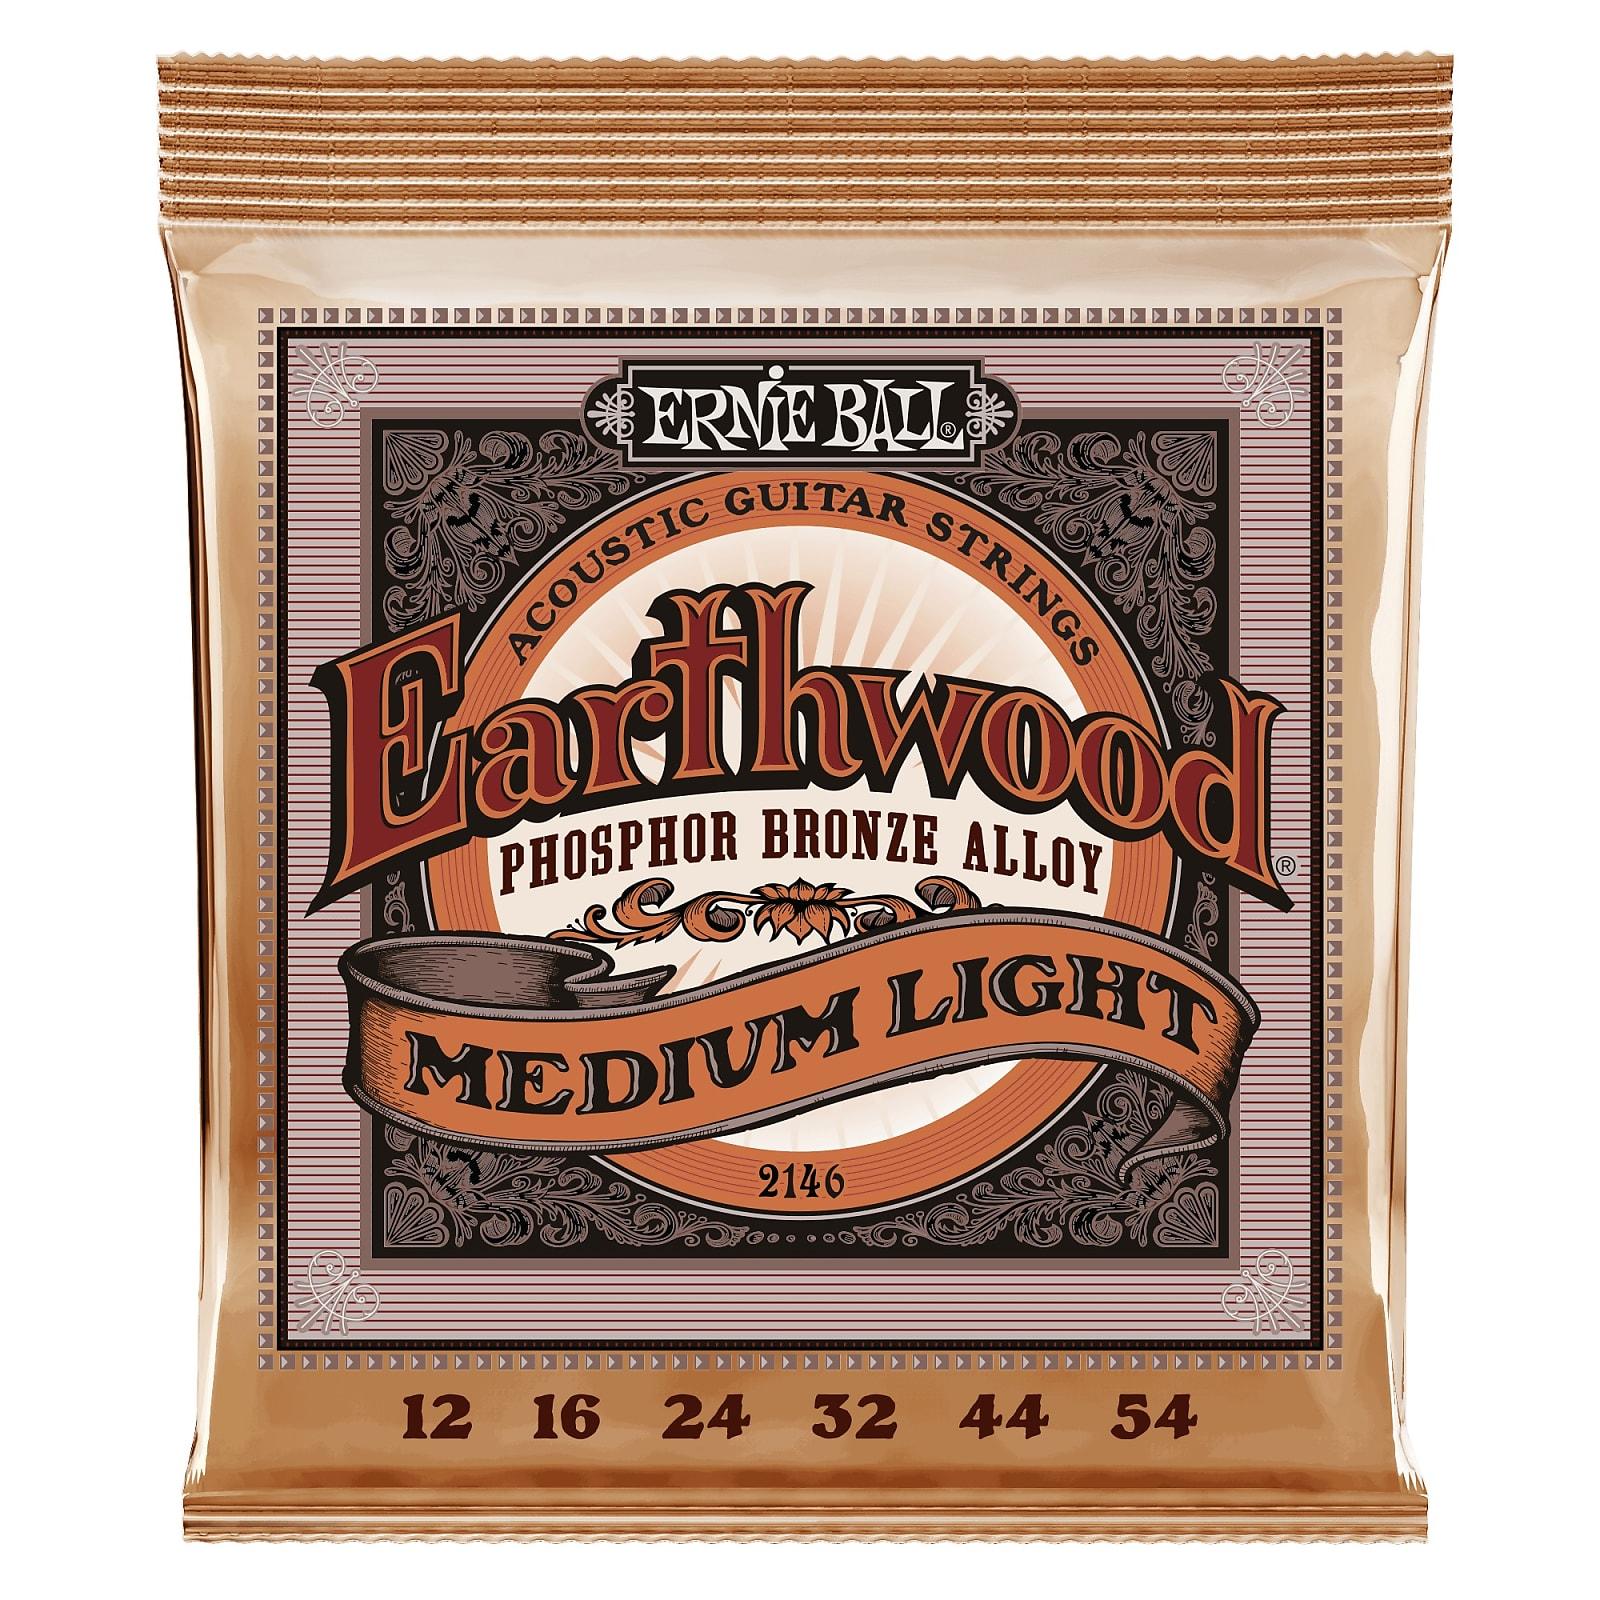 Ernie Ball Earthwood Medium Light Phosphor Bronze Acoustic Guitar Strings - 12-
○ ○ ○ ○ ○ ○ ○
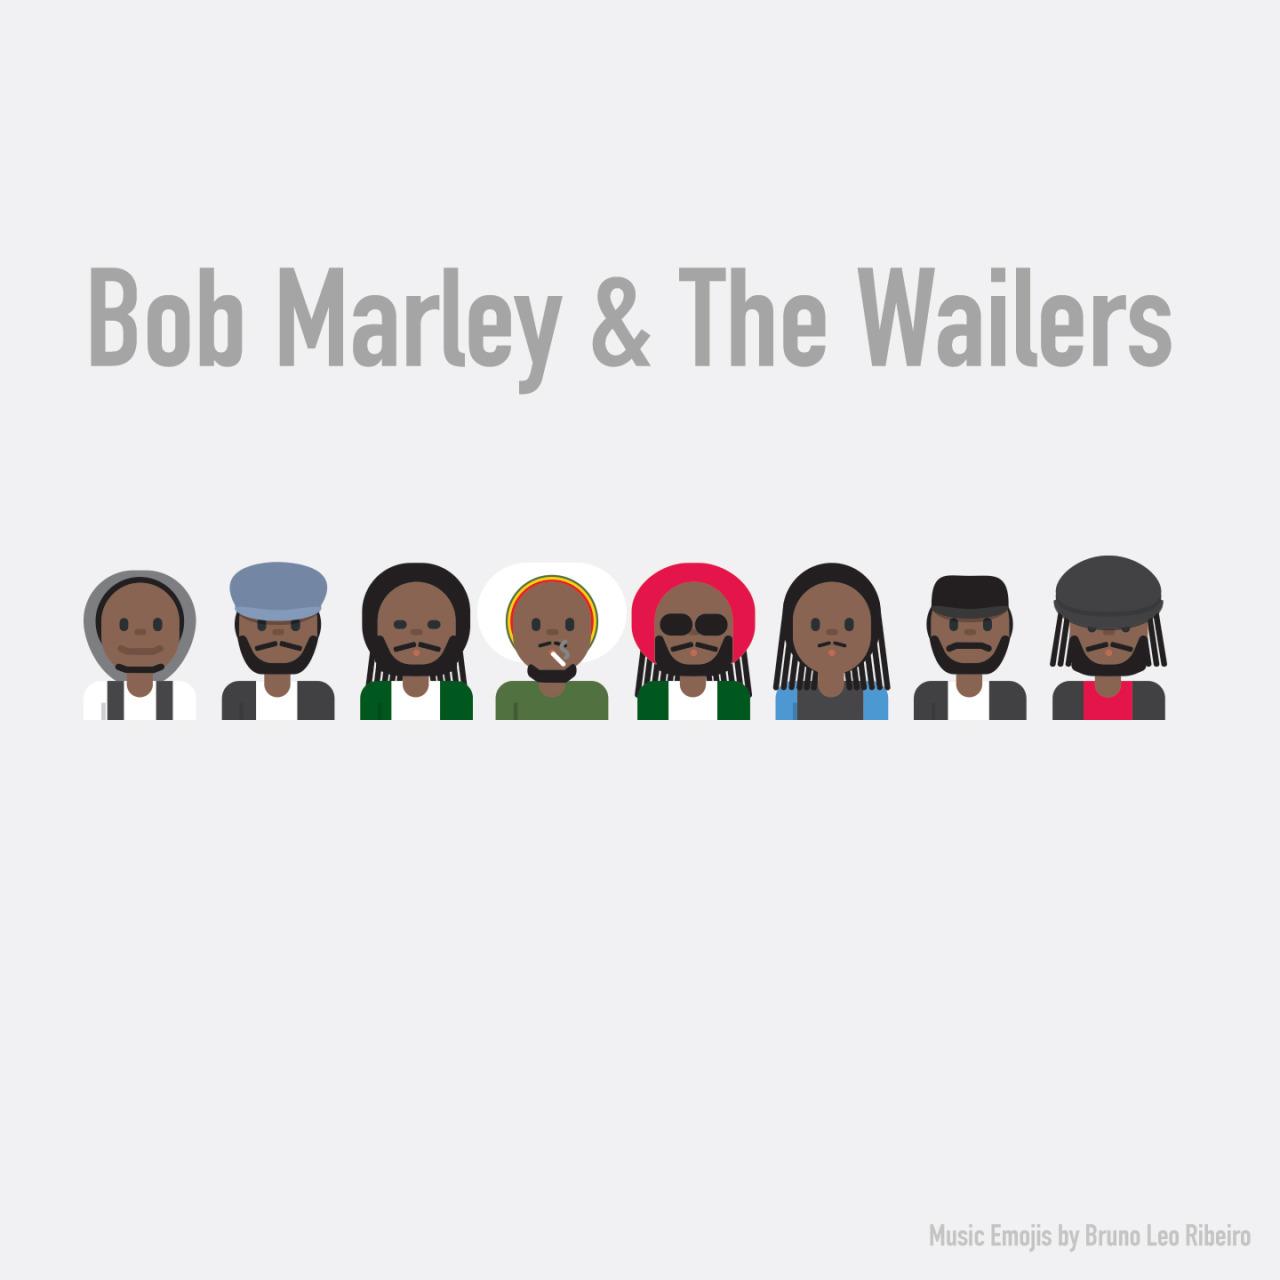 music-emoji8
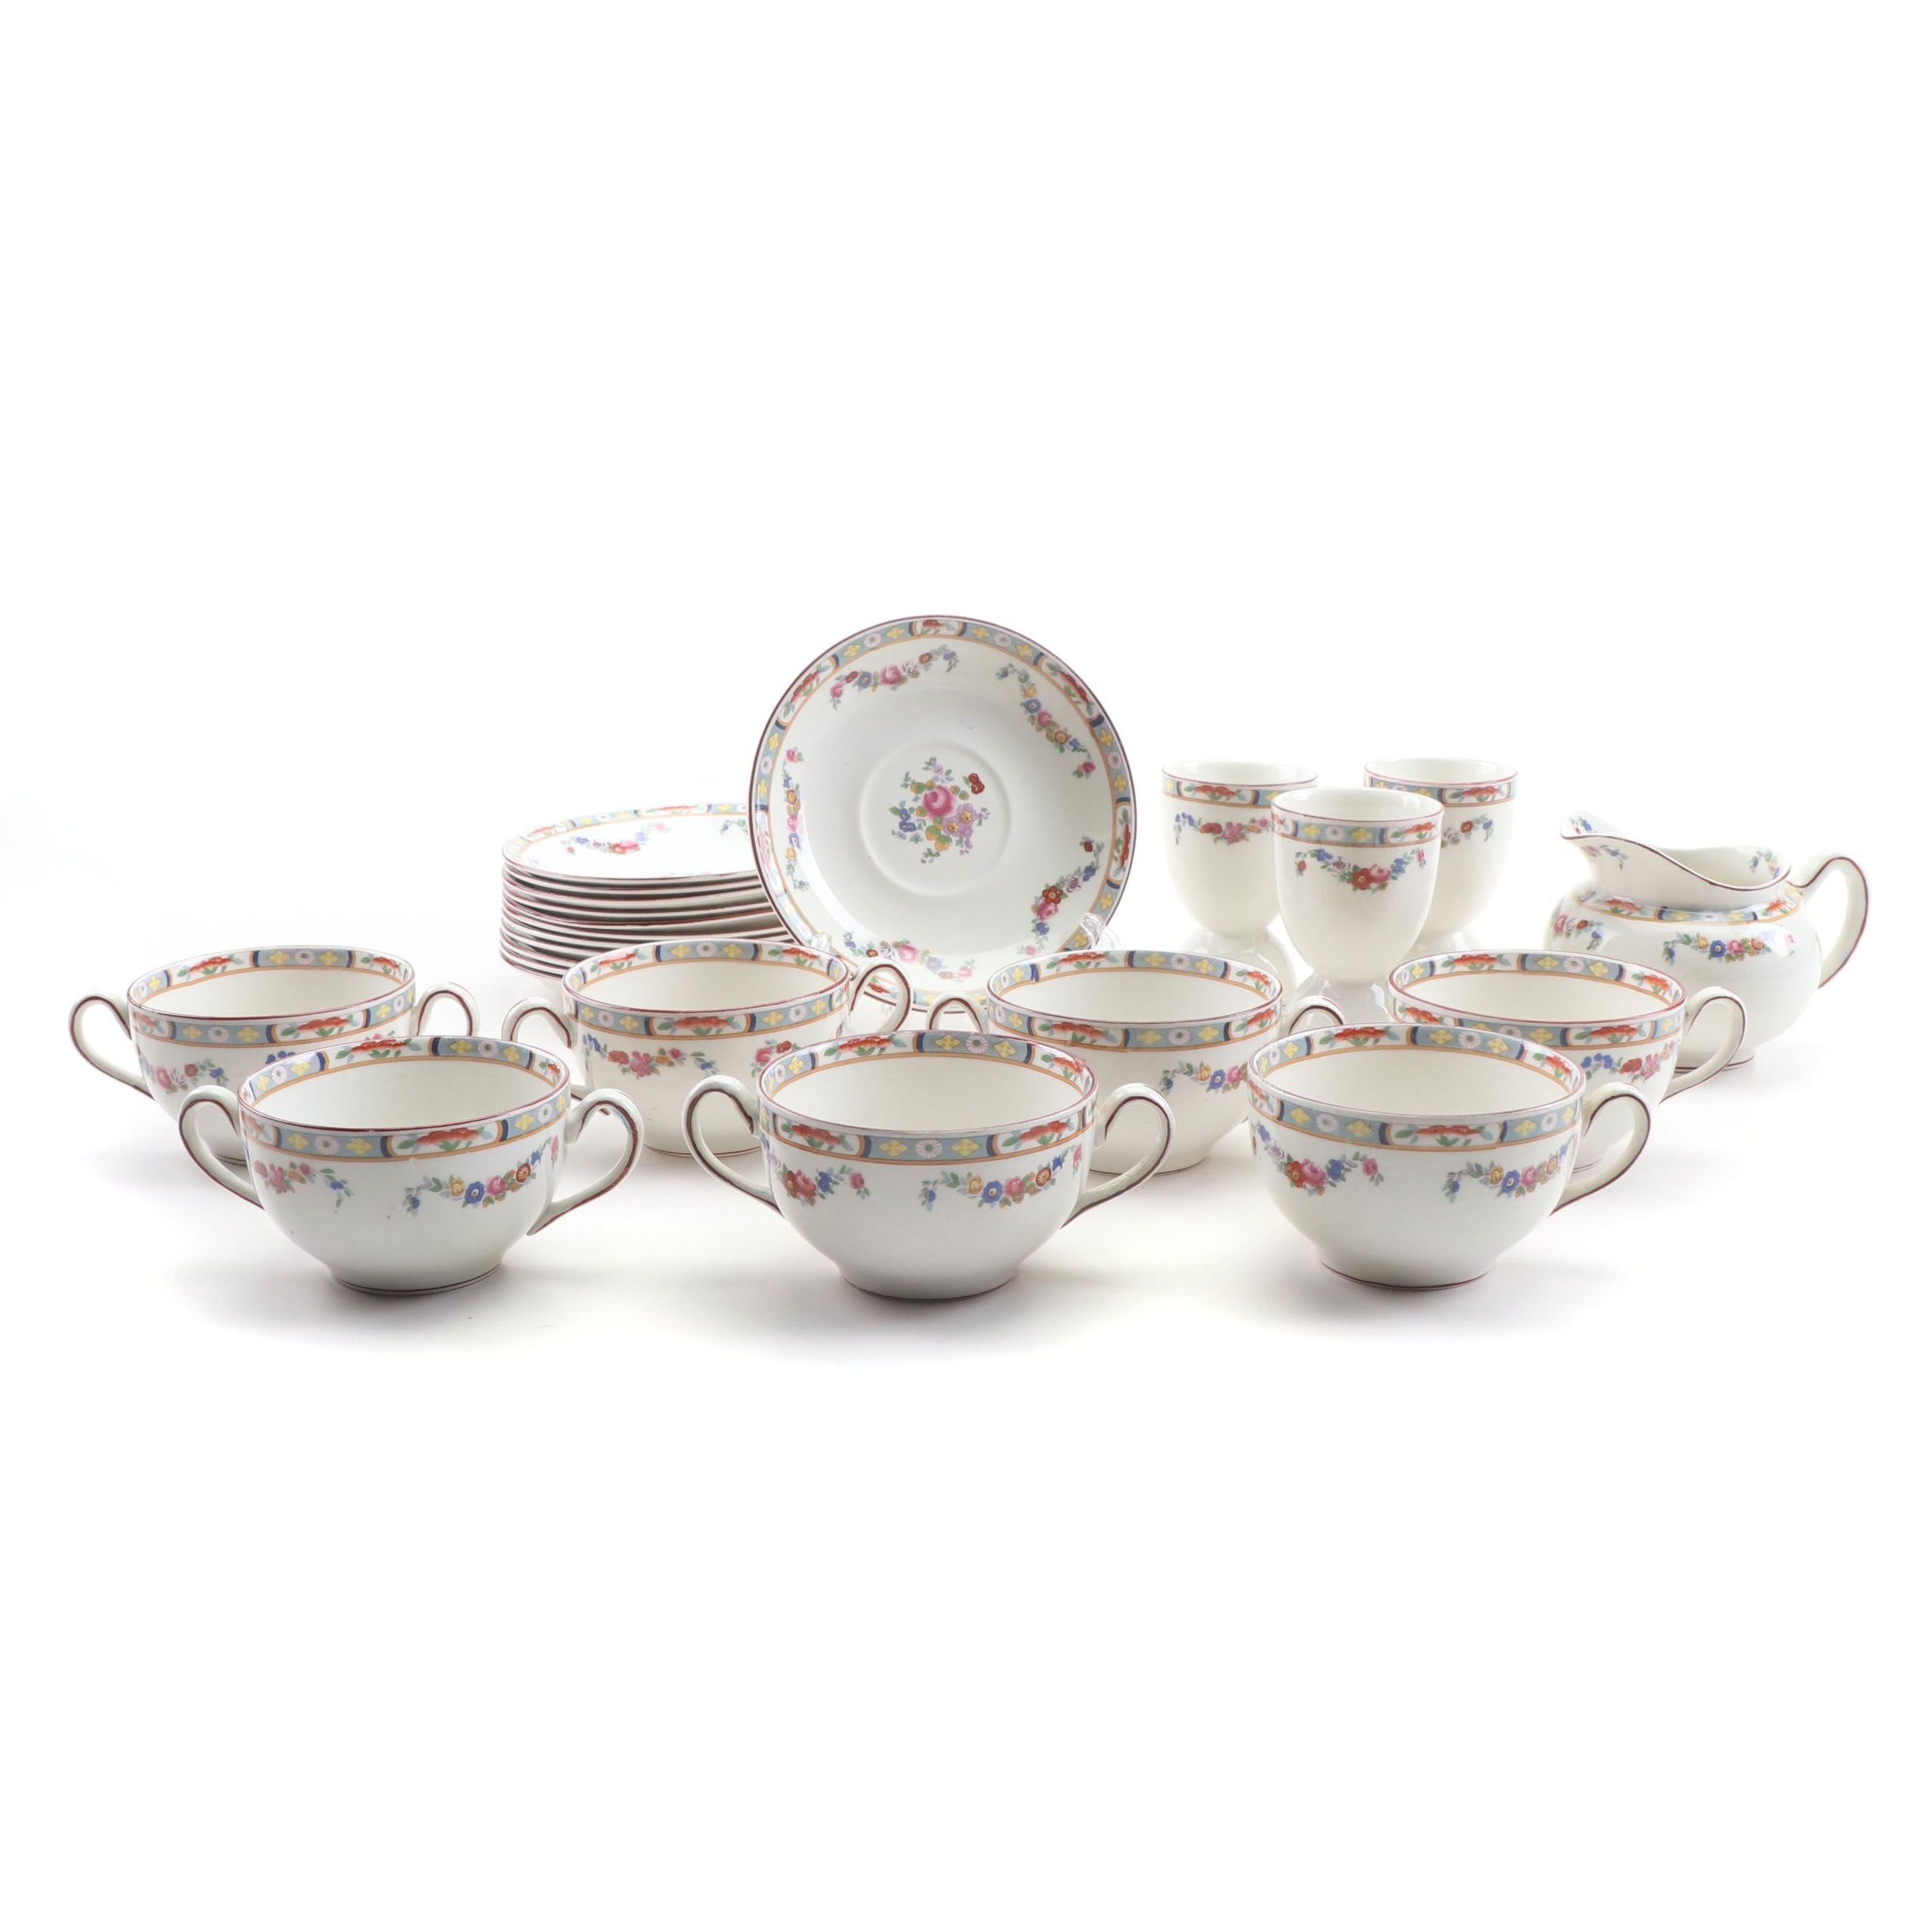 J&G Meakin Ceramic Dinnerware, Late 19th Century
○ ○ ○ ○ ○ ○ ○
### Task directions
From the line with "music-emoji8" up to and including the line with "J&G Meakin Ceramic" above, retype every line exactly and nothing more; leave out the pictures.

### Result for this exercise
 music-emoji8
 J&G Meakin Ceramic Dinnerware, Late 19th Century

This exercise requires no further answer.